Existing research suggests that defects in the genes encoding components of either paracrine regulatory systems or the extracellular matrix (ECM), and those encoding intracellular or endocrine proteins result in short stature (Jee et al., 2017). The gene encoding aggrecan (ACAN, OMIM: 155760) is located on chromosome 15q26, ACAN encodes the production of the proteoglycan aggrecan, which is an important component of the ECM (Stavber et al., 2020). Aggrecan is highly expressed in proliferating chondrocytes of the growth plate. The structural or functional disturbances in aggrecan production could significantly affect cartilage, resulting in changes in linear growth. Statistically, in 1%–5% of idiopathic short stature patients, the short stature can be explained by ACAN mutations (Jee et al., 2018).

Herein, we enrolled a Han Chinese family with short stature and advanced bone age (BA). Using whole-exome sequencing (WES) and Sanger sequencing, a novel heterozygous frameshift mutation (NM_013227.3:c.7230delT; NP_001356197.1: p. Phe2410Leufs*9) of the ACAN gene was confirmed to be a genetic lesion in this family.

2 Case description

The proband, a 4-year-old boy, came to the Xiangya Hospital Central South University with his parents due to growth retardation (Figure 1A). Physical examination of the proband showed a height of 94.8 cm (−2.02 SDS), and his weight was 14.6 kg (−1.29 SDS). According to his parents’ recollection, the height of the proband was 70 cm at 12 months of age (−2.40 SDS) and 85 cm at 30 months old (−2.03 SDS). Magnetic resonance imaging revealed a normal size and shape of the pituitary gland. The BA was found to be 5 years and 6 months, as revealed by the X-ray imaging of the left hand (Figure 1B).

FIGURE 1

FIGURE 1. Pedigree of the Chinese family with short stature. (A) The black circles/squares represent the affected patients diagnosed with short stature diagnosis; the white circles/squares represent the unaffected subjects. The arrow indicates the proband. The question mark indicates subject with unknown genotype but known phenotype. (B) X-ray imaging of the proband’s left hand at the age of 4 years 5 months and 5 years 8 months. (C) The height growth curve of the proband during the one-year follow-up. (D) The sequencing results of the ACAN mutations. Sequence chromatograms indicate the heterozygosity for a ACAN frameshift mutation (NM_013227.3:c.7230delT; NP_001356197.1:p.Phe2410Leufs*9) in the proband and his mother. The red arrow indicates the mutation. SDS, standard deviation scores; r-hGH, Recombinant human growth hormone; y, year; m, month; BA, bone age.

We then investigated the proband’s family history. His father (II-3) was 167 cm tall (≈−1.31 SDS), and his mother (II-2) was 142 cm tall (≈−3.23 SDS) (the target height of the proband was 161 ± 5 cm). His mother’s age at menarche was approximately 12 years.
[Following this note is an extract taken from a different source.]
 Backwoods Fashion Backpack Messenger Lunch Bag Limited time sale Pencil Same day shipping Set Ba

Meanwhile, the heights of his grandmother (I-1), maternal uncle (II-1), and maternal aunt (II-4) were 145 cm (≈−2.78 SDS), 153 cm (≈−3.23 SDS), and 165 cm (≈0.28 SDS), respectively (Figure 1A). No other malformations, including intervertebral disc disease, osteochodritis dissecans or back pain, were observed in the affected members of the family.

At the request of his parents, recombinant human growth hormone (GH) treatment was initiated after the proband’s second visit, at a dose of 50 μg/kg/day. During this time, the height of the proband increased to 99.0 cm at 4 years 10 months (−2.17 SDS), 101.3 cm at 5 years 1 month (−1.95 SDS), 104.0 cm at 5 years and 5 months (−1.78 SDS), and 105.5 cm at 5 years and 8 months (−1.76 SDS) (Figure 1C). The growth velocity was also changed from 5.42 cm/year to 6.00 cm/year, after 13 months of GH treatment. Meanwhile, his weight increased to 18.4 kg (−0.52 SDS) and the BA was 8 years during his latest visit, at the age of 5 years 8 months (Figure 1B).
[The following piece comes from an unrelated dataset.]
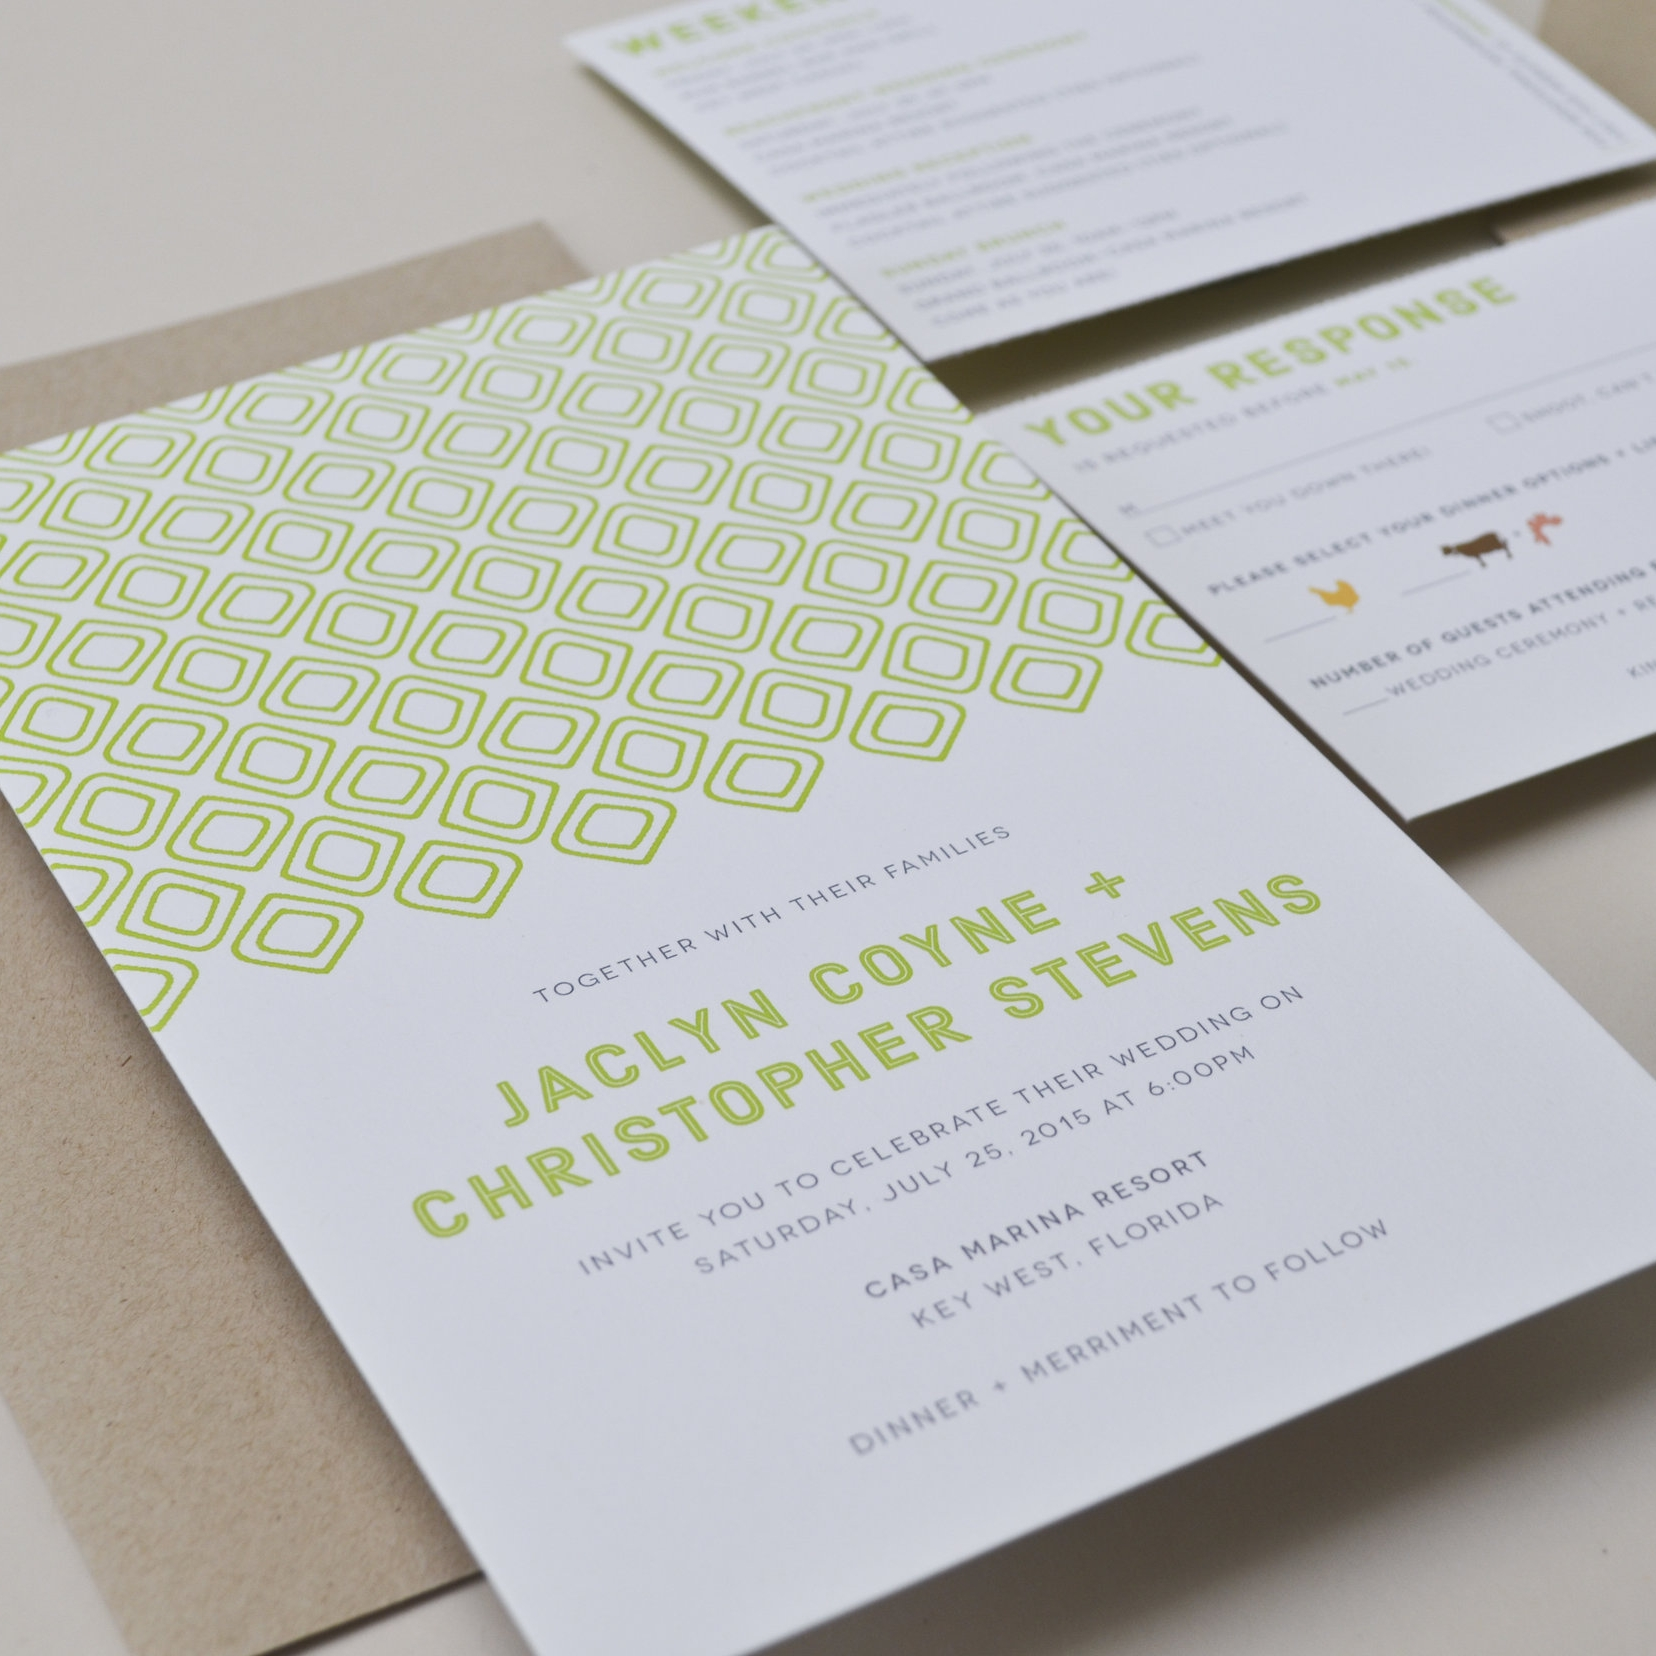 ISLAMORADA Digital Printing on White Paper

To determine the genetic cause of the short stature in these patients, we extracted the genomic DNA of the proband (III-1) and his mother (II-2). Next, WES was performed to detect the candidate genes associated with short stature and advanced BA. The filtering strategies conformed to those described in our previous study (Huang et al., 2022). Briefly, (a) Variants within intronic, intergenic, and untranslated regions (UTRs), as well as synonymous single nucleotide variants (SNVs), were excluded from later analysis; (b) Common variants were excluded with minor allele frequency ≥0.01 by the 1000 Genomes database, Genome Aggregation Database (gnomAD), version 2.1.1 and an in-house exome database of Berry Genomics; (c) Variants classified as Pathogenic/Likely Pathogenic variants, as well as variant of unknown significance (VUS) by American College of Medical Genetics (ACMG) classification (Richards et al., 2015), could be included; (d) Potential causative variants were then screened by a list of growth-associated genes (Supplementary Table S1) (Hauer et al., 2018); (e) Variants that were not existed in the affected family member (II-2) were excluded; (f) Bioinformatics analysis, including Polyphen-2, MutationTaster, SIFT, and CADD, were also carried out to predict the possible impacts of variants; (g) Accordingly, co-segregation analysis was conducted in the family (Supplementary Figure S1).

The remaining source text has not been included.